CSX Transportation said it has completed nearly a third of federally aided track clearance projects so that doublestack container trains can move between its new intermodal hub in northwest Ohio and a smaller facility at Chambersburg, Pa.
That is the first phase of the railroad’s National Gateway corridor plan, which CSX says will eventually bring stack train service on the east-west route from the Baltimore seaport to that new intermodal hub at North Baltimore, Ohio, near Toledo. The corridor will also run north-south from Baltimore into North Carolina along the Eastern Seaboard.

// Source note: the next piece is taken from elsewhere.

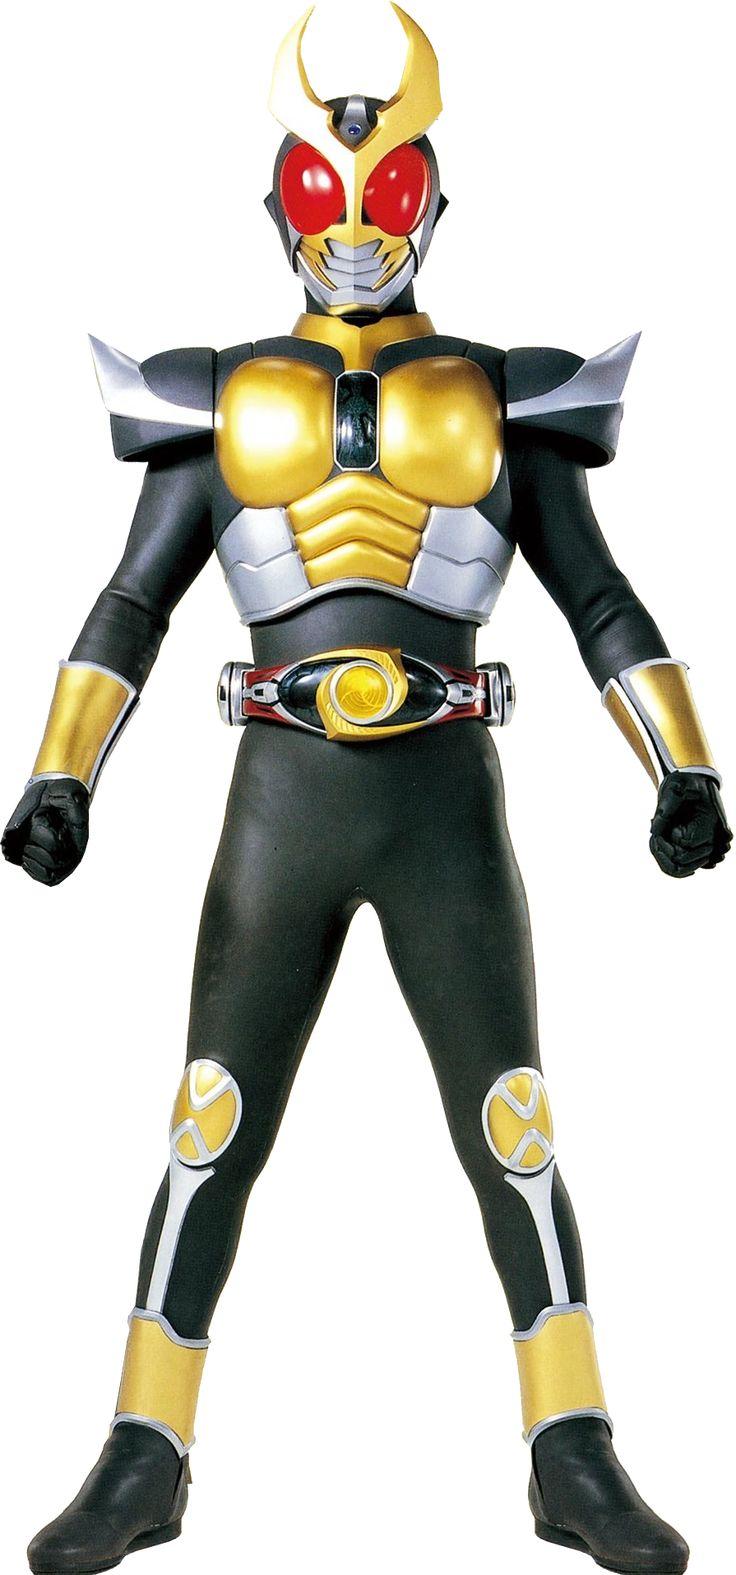 Shouichi Tsugami 画像あり アギト 仮面ライダー ライダー

CSX wants to raise vertical clearances at 61 sites by 2015, so that its network will be ready to broadly offer stack train efficiencies by the time larger Panama Canal locks permit ships to reach the East Coast carrying many more containers than now. The corridor projects, once complete, can also help CSX compete for more truck-hauled domestic loads, but it mainly targets international shipments in its Gateway plans.
The Department of Transportation in February 2010 awarded CSX $98 million in a stimulus grant, to help cover costs of $183 million in first-phase National Gateway clearance work in Ohio, Pennsylvania, West Virginia and Maryland. The projects include modifying or replacing rail bridges, removing some old walkways over tracks and carving new dimensions into mountain tunnels.
CSX said it has finished work at five sites and is now working on 15 more. It is replacing bridges in Kent and Ravenna, Ohio, and Paw Paw, W. Va.